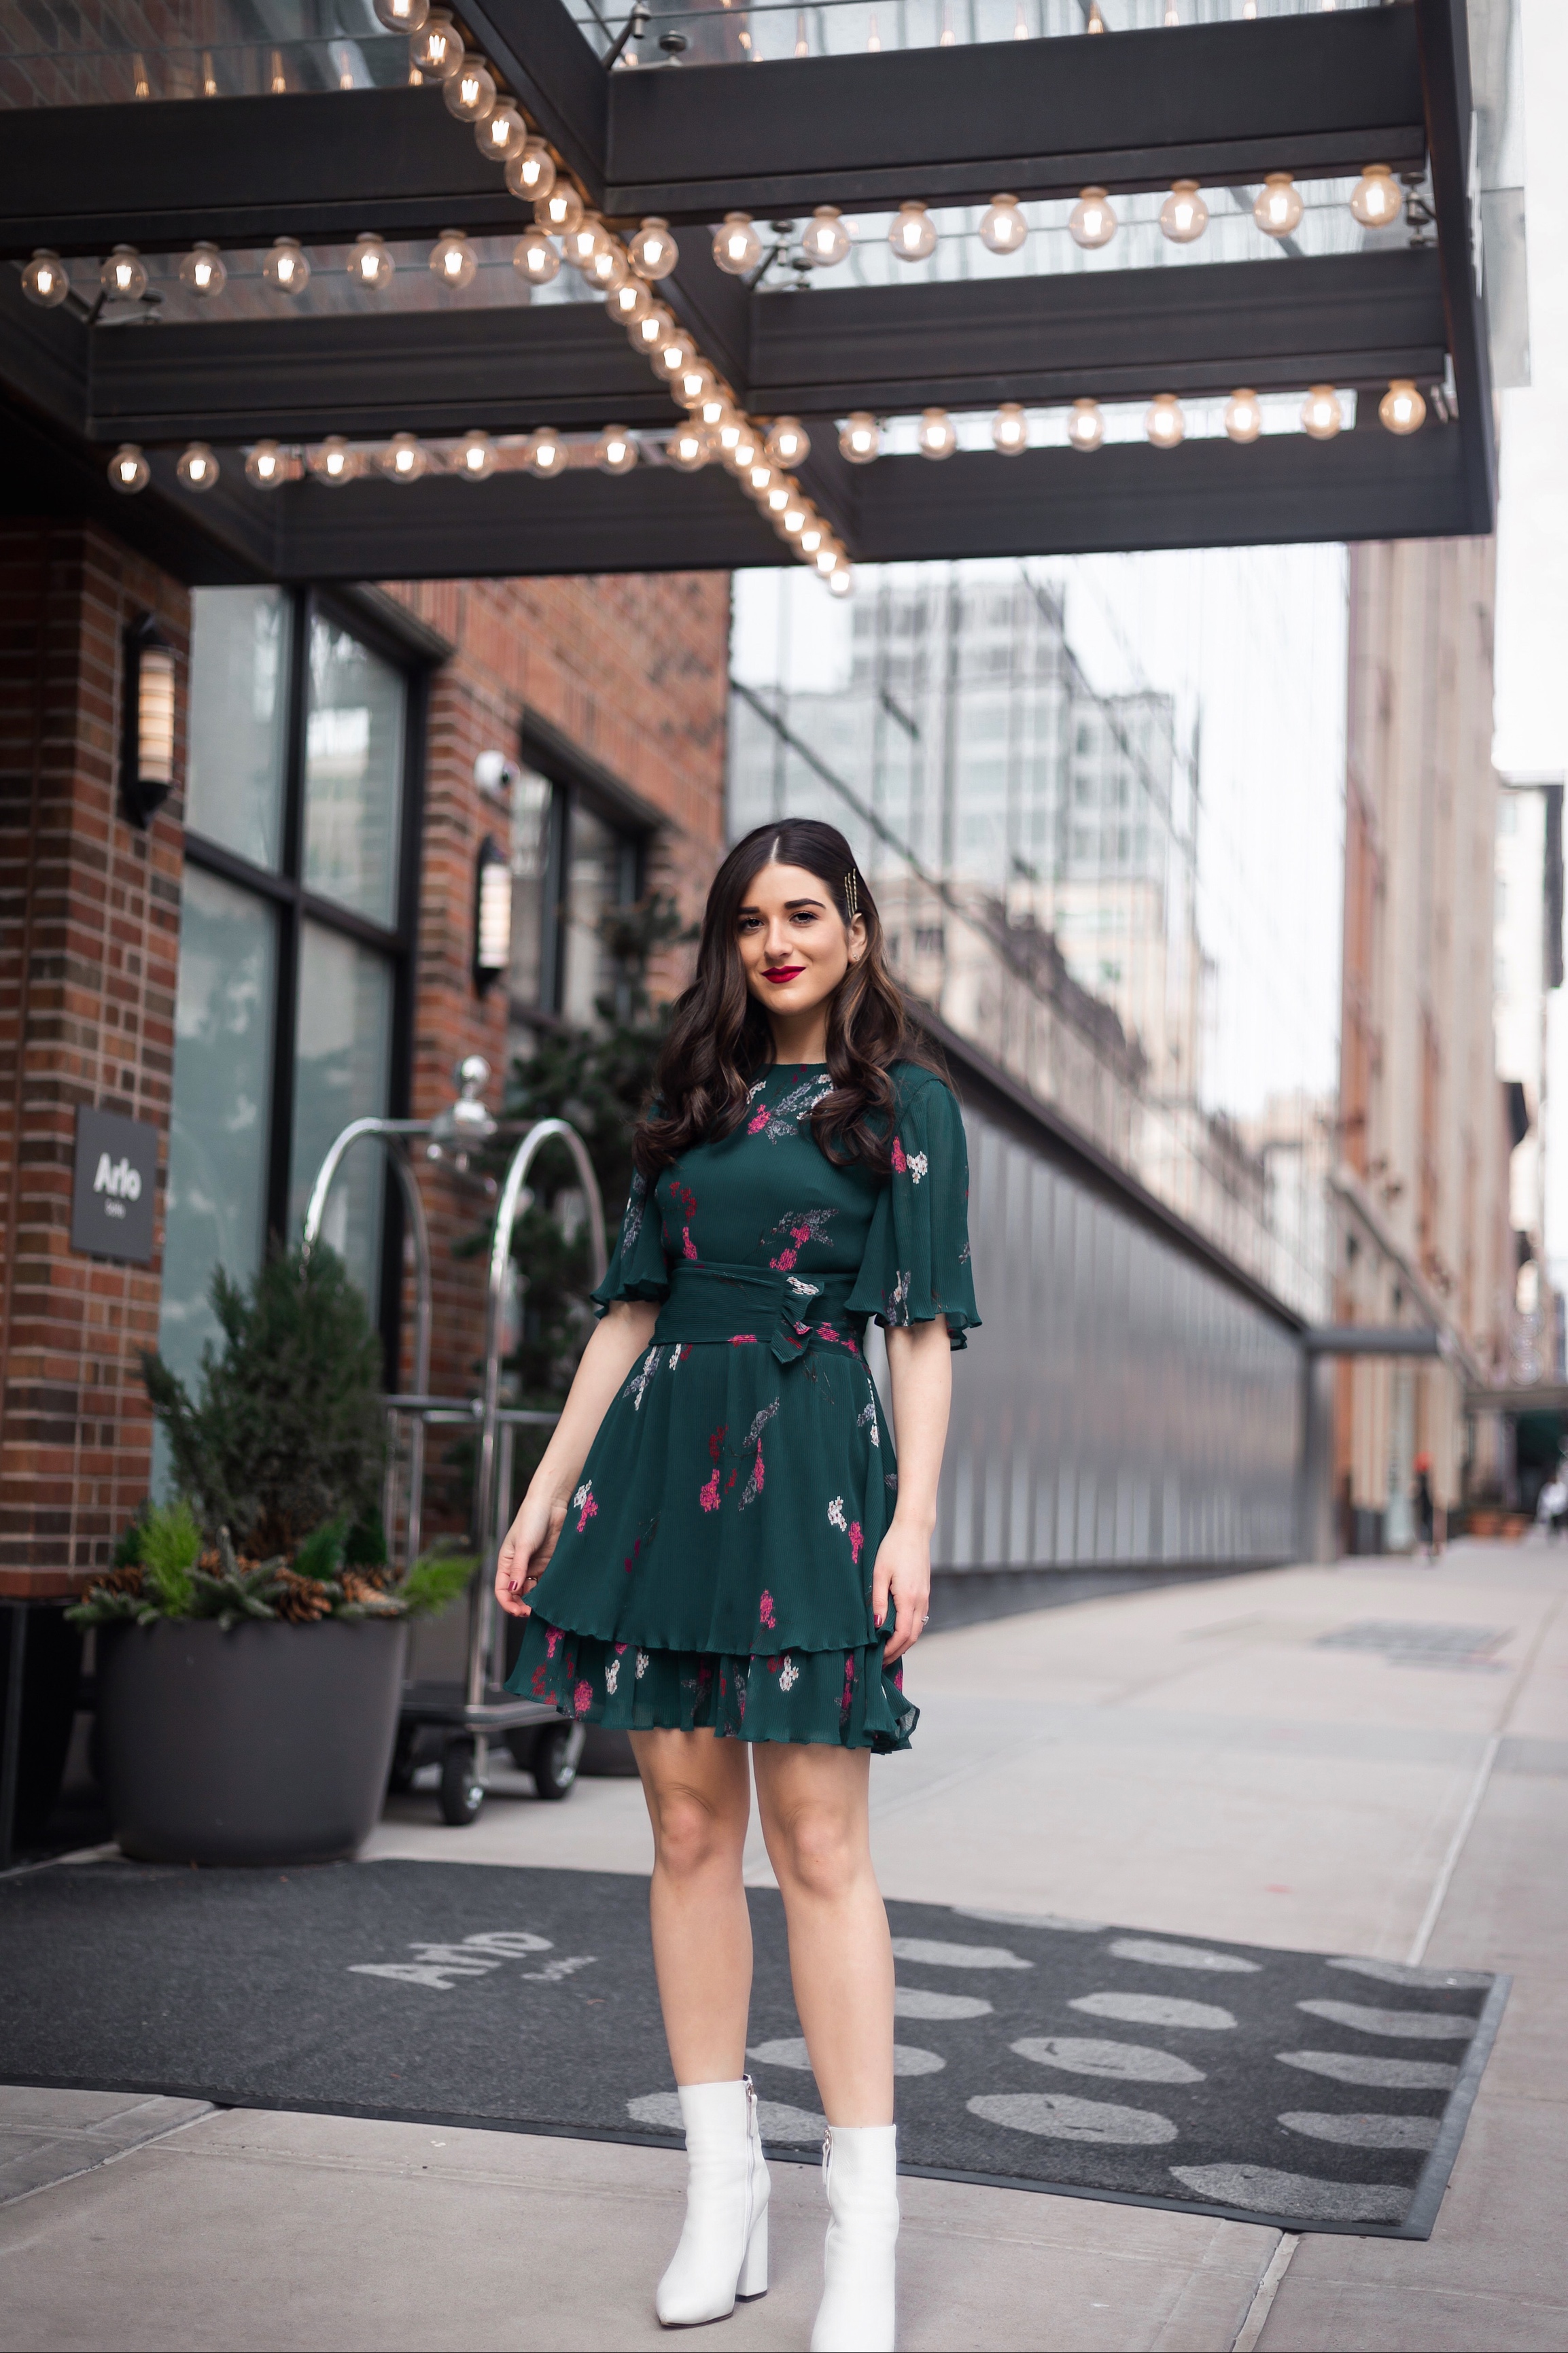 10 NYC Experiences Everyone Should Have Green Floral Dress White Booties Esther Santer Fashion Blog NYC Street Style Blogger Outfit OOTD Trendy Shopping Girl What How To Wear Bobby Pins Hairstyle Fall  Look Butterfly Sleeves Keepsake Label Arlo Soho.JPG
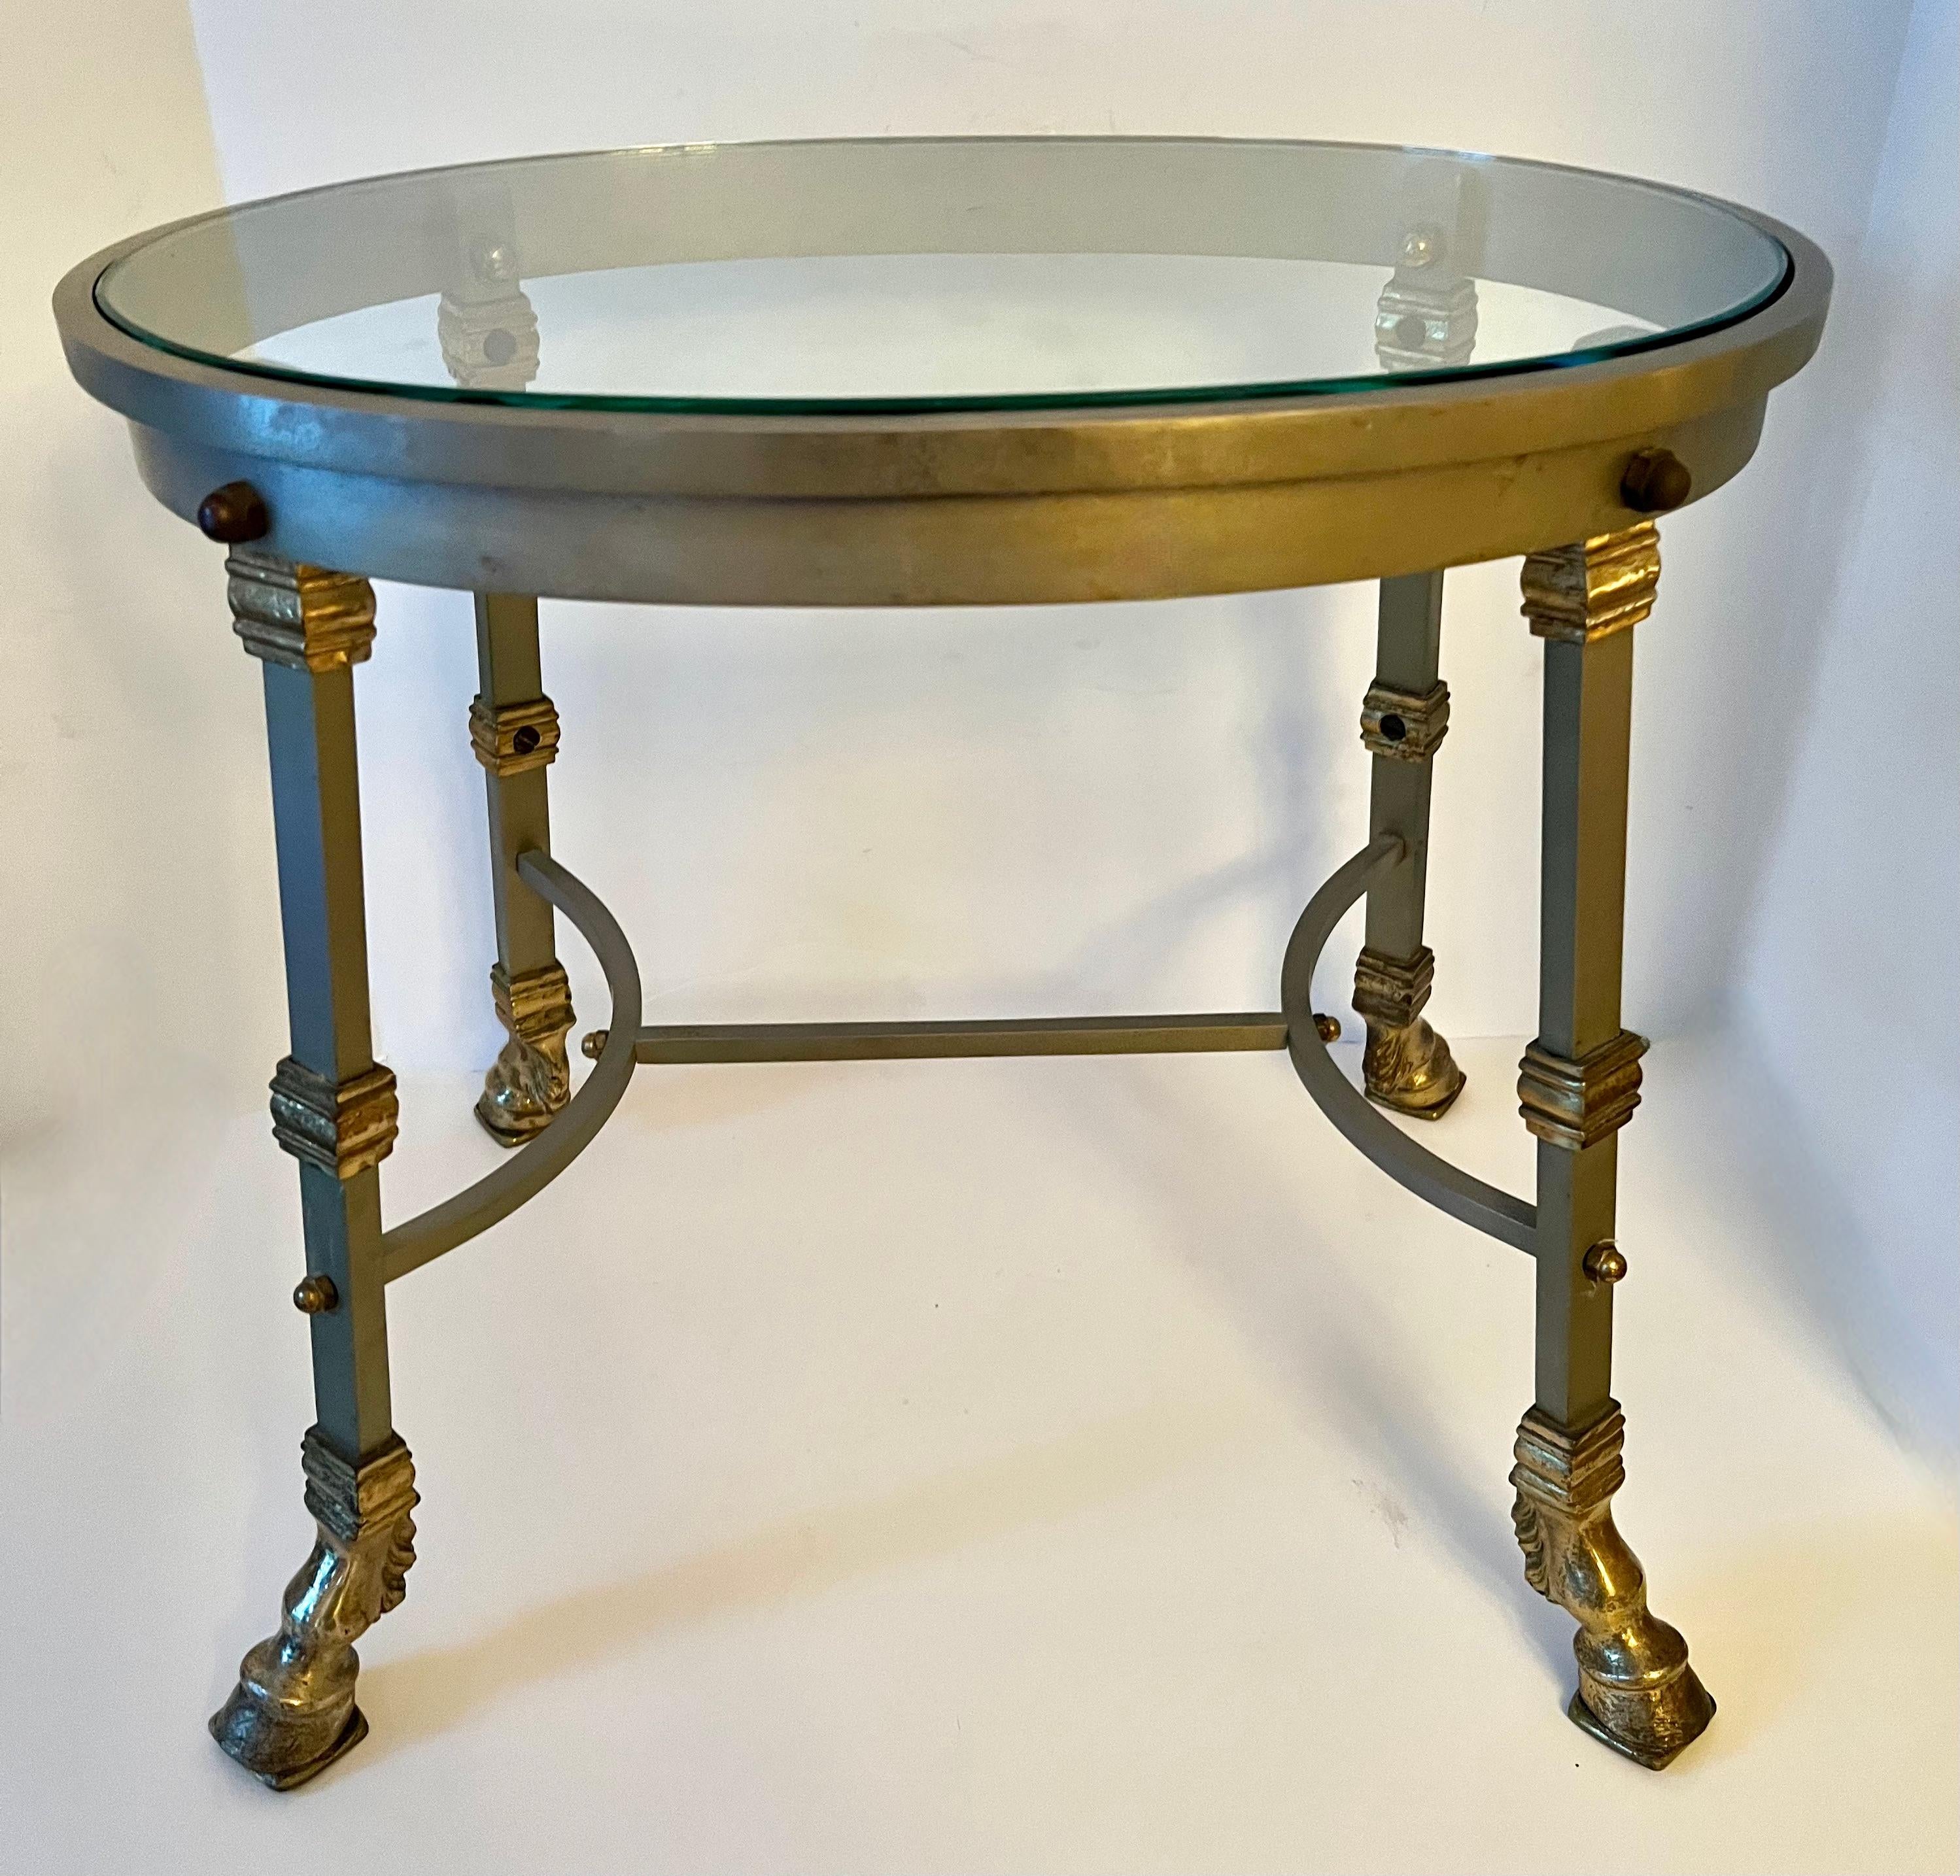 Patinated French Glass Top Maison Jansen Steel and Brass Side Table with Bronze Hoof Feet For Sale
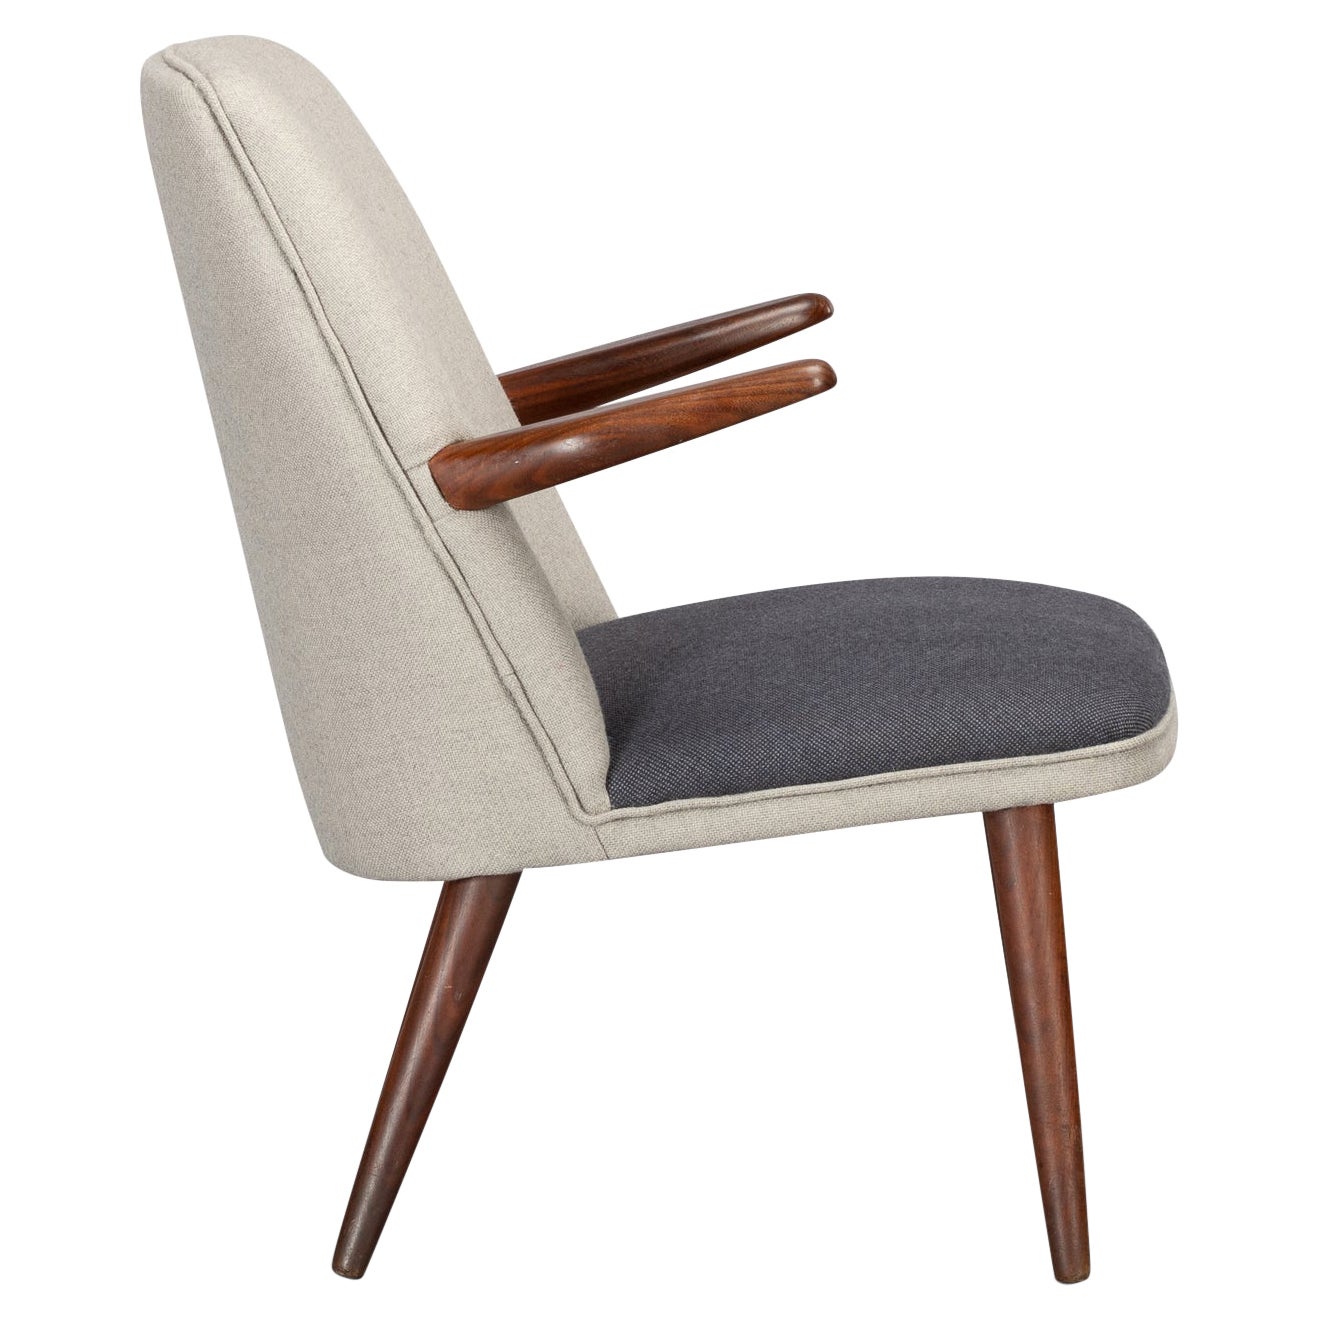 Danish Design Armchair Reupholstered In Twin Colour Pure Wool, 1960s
● ● ●
Set the lines above down again, word for word, from the first through the one containing "Patinated French Glass"; pictures excluded.

Finished task
 10 NYC Experiences Everyone Should Have Green Floral Dress White Booties Esther Santer Fashion Blog NYC Street Style Blogger Outfit OOTD Trendy Shopping Girl What How To Wear Bobby Pins Hairstyle Fall  Look Butterfly Sleeves Keepsake Label Arlo Soho.JPG
 Patinated French Glass Top Maison Jansen Steel and Brass Side Table with Bronze Hoof Feet For Sale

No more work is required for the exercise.